Lavender Suede vs Flexible Gray
Lavender Suede is a Behr color while Flexible Gray comes from Sherwin-Williams. Both sit in the grey family, which is useful context if you're narrowing within a single hue direction. With LRVs of 40 and 38, they'll behave almost identically in terms of how much light they reflect back into a room. The tonal difference — Lavender Suede's red character against Flexible Gray's warm — becomes most visible against white trim or in morning light. With a ΔE of 1.9, the difference is subtle — you'd need them side by side to reliably tell them apart. Below you'll find 1 real-room photo comparison where both colors appear side by side, plus 5 simulated room previews.
Lavender Suede vs Flexible Gray in Real Spaces
1 real room side by side. Lavender Suede and Flexible Gray are close enough that the difference can be hard to judge from a chip alone — these photos show how each reads at scale, across different spaces and lighting conditions.
Bedroom
Bedroom walls are often seen under warm artificial light, a context that shifts both colors from how they look on a chip.

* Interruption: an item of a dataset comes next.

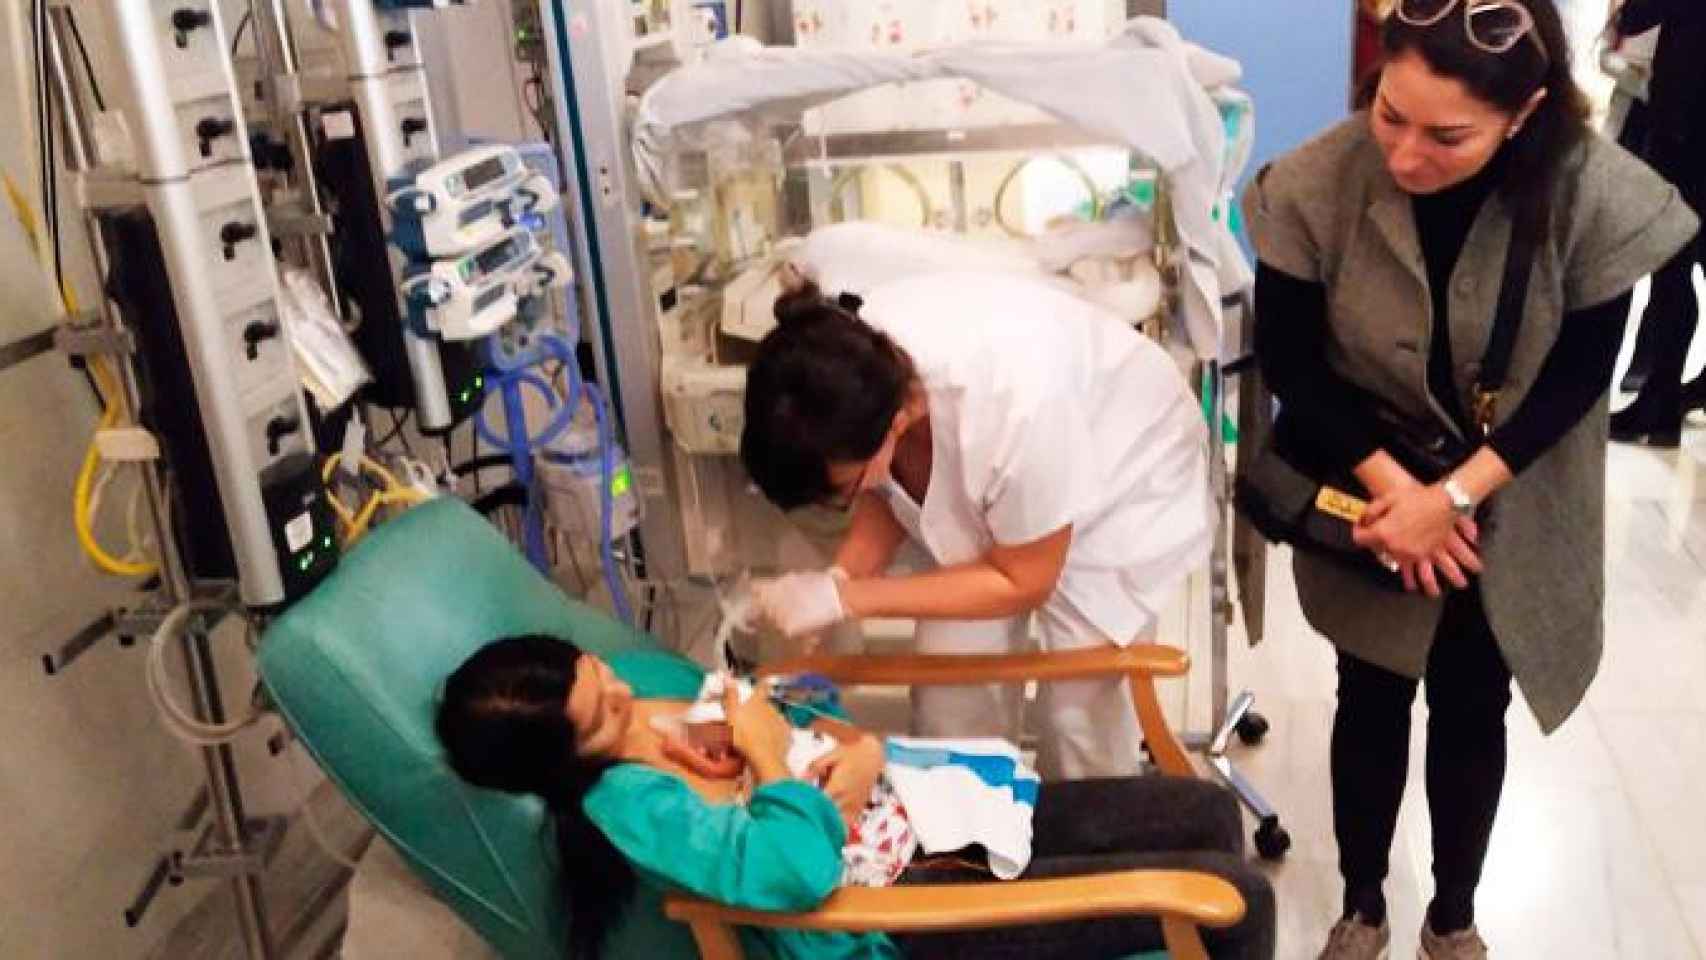 Imagen de Neonatología del Hospital Vall d'Hebron de Barcelona, donde murieron dos bebés por infección bacteriana la pasada semana / CG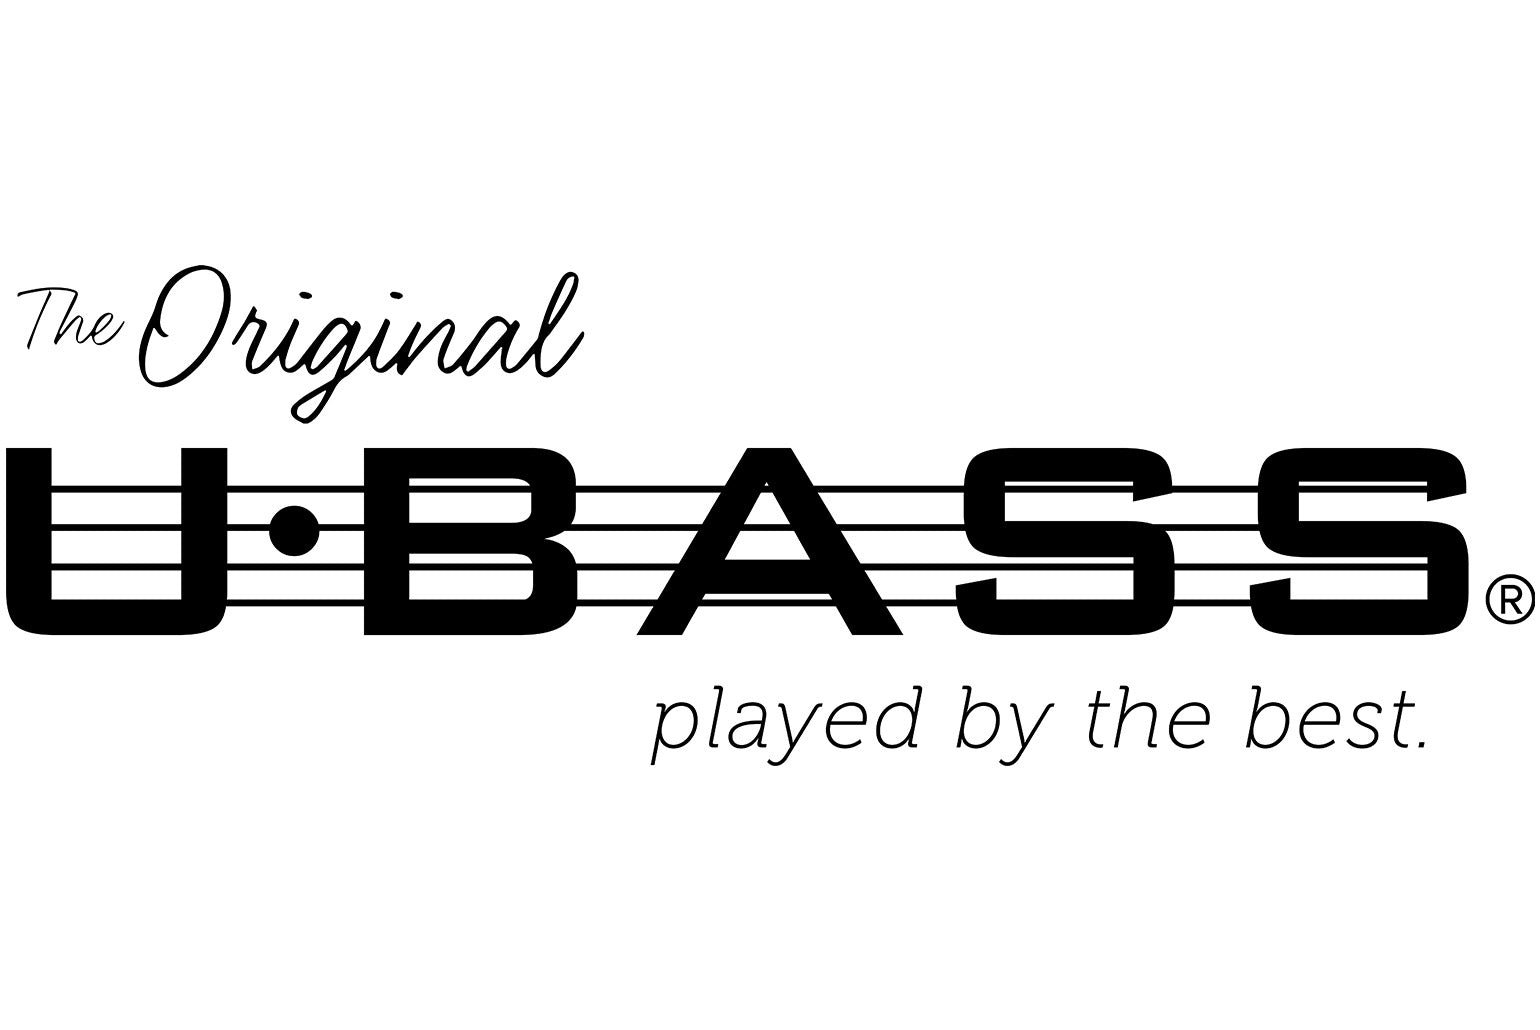 Bass Drum Logo Sticker, Black | Drum Workshop Inc.

The two are close enough that the choice comes down to finer qualities — undertone, texture, what the color sits next to.
Color Details
Lavender Suede vs Flexible Gray Simulated Comparison
5 simulated room previews — drag the slider on each to see Lavender Suede on one side and Flexible Gray on the other.
Digital color is approximate. These simulations are generated from the manufacturer's hex values and overlaid on grayscale room photos — your screen's calibration, brightness, and viewing angle all affect how they render. Before committing to either color, test physical samples in your own space under the light you actually live with.
More Lavender Suede comparisons
See how Lavender Suede stacks up against other well-photographed colors across different brands and tones.